13.5 s ± 269 µs per loop (mean ± std. dev. of 7 runs, 1 loop each)


## 7. Optimizer with `set_to_zero` and parameter mask

### Create a mask for the optimizer

In [20]:
def grad_mask_fn(params):
    flat_params = traverse_util.flatten_dict(params)
    flat_mask = {path: 'zero' if path[1] == 'feature_extractor' else 'adam' for path in flat_params}
    mask = traverse_util.unflatten_dict(flat_mask)
    return freeze(mask)

In [21]:
mask = grad_mask_fn(params)

# check that we are masking the right params (feature_extractor and not others)
print("feature_extractor")
print_tree(mask['encoder']['feature_extractor'], depth=1, print_value=True)
print("feature_projection")
print_tree(mask['encoder']['feature_projection'], depth=1, print_value=True)

feature_extractor
   conv_layers
     0
       conv
         kernel zero
       layer_norm
         scale zero
         bias zero
     1
       conv
         kernel zero
       layer_norm
         bias zero
         scale zero
     2
       conv
         kernel zero
       layer_norm
         bias zero
         scale zero
feature_projection
   layer_norm
     scale adam
     bias adam
   projection
     kernel adam
     bias adam


### Define the optimizer

In [22]:
tx = optax.multi_transform({'adam': optax.adam(0.1), 'zero': optax.set_to_zero()},
                           mask)

state = train_state.TrainState.create(apply_fn=model.__call__,
                                      params=params,
                                      tx=tx)

### Run one training step

In [23]:
# note that we are freezing the layers with the grad mask and **not** with the `freeze_feature_encoder` argument
state, rng = j_train_step(state, inputs[0], rng, freeze_feature_encoder=False)

### Compare parameters after optimization

In [24]:
# the change for the frozen feature extractor parameters should be precisely zero
compare_params(params['encoder']['feature_extractor'], state.params['encoder']['feature_extractor'])

 conv_layers
   0
     conv
       kernel 0.0
     layer_norm
       scale 0.0
       bias 0.0
   1
     conv
       kernel 0.0
     layer_norm
       bias 0.0
       scale 0.0
   2
     conv
       kernel 0.0
     layer_norm
       bias 0.0
       scale 0.0


In [25]:
# the change for the (non-frozen) feature projection parameters should be greater than zero
compare_params(params['encoder']['feature_projection'], state.params['encoder']['feature_projection'])

 layer_norm
   scale 0.095603384
   bias 0.09918707
 projection
   kernel 0.099999696
   bias 0.10006401


### Benchmark a `set_to_zero` train loop

In [26]:
%%timeit
for batch in inputs:
    new_state, new_rng = j_train_step(state, batch, rng, freeze_feature_encoder=False)
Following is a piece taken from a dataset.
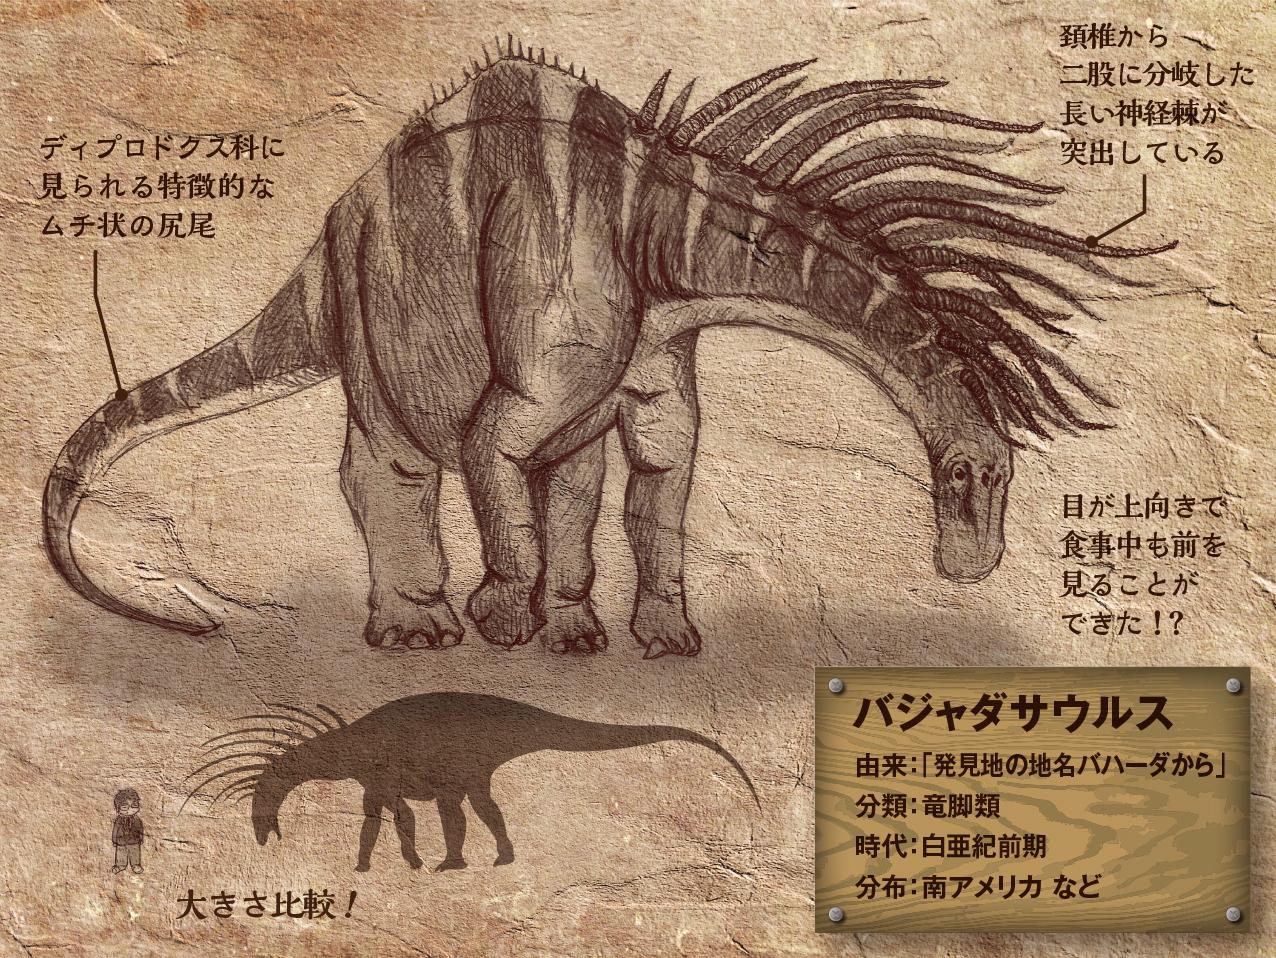 Bajadasaurus.jpg

8.5 s ± 442 µs per loop (mean ± std. dev. of 7 runs, 1 loop each)


## 8. Optimizer with `jax.lax.stop_gradient`

### Define the Optimizer

In [27]:
tx = optax.adam(0.1)

state = train_state.TrainState.create(apply_fn=model.__call__,
                                      params=params,
                                      tx=tx)

### Run one training step

In [28]:
state, rng = j_train_step(state, inputs[0], rng, freeze_feature_encoder=True)

### Compare parameters after optimization

In [29]:
# the change for the frozen feature extractor parameters should be precisely zero
compare_params(params['encoder']['feature_extractor'], state.params['encoder']['feature_extractor'])

 conv_layers
   0
     conv
       kernel 0.0
     layer_norm
       scale 0.0
       bias 0.0
   1
     conv
       kernel 0.0
     layer_norm
       bias 0.0
       scale 0.0
   2
     conv
       kernel 0.0
     layer_norm
       bias 0.0
       scale 0.0


In [30]:
# the change for the (non-frozen) feature projection parameters should be greater than zero
compare_params(params['encoder']['feature_projection'], state.params['encoder']['feature_projection'])

 layer_norm
   scale 0.09889982
   bias 0.09973503
 projection
   kernel 0.09995212
   bias 0.100052685


### Benchmark a `jax.lax.stop_gradient` train loop

In [31]:
%%timeit
for batch in inputs:
    new_state, new_rng = j_train_step(state, batch, rng, freeze_feature_encoder=True)

8.5 s ± 243 µs per loop (mean ± std. dev. of 7 runs, 1 loop each)


## 9. Differentiate non-frozen params only

### Define filter and merge functions

In [32]:
def bool_grad_mask_fn(params):
    """Create a boolean mask over parameters for filtering.
    Returns:
        mask (frozen_dict): `True` for non-frozen parameters, `False` for frozen parameters (i.e. the feature encoder).
    """
    flat_params = traverse_util.flatten_dict(params)
    flat_mask = {path: path[1] != 'feature_extractor' for path in flat_params}
    mask = traverse_util.unflatten_dict(flat_mask)
    return freeze(mask)

def filter_params(params, mask):
    flat_params = traverse_util.flatten_dict(params)
    flat_mask = traverse_util.flatten_dict(mask)
    filtered_params = {}
    for name, value in flat_params.items():
        if flat_mask[name]:
            filtered_params[name] = flat_params[name]
    return freeze(traverse_util.unflatten_dict(filtered_params))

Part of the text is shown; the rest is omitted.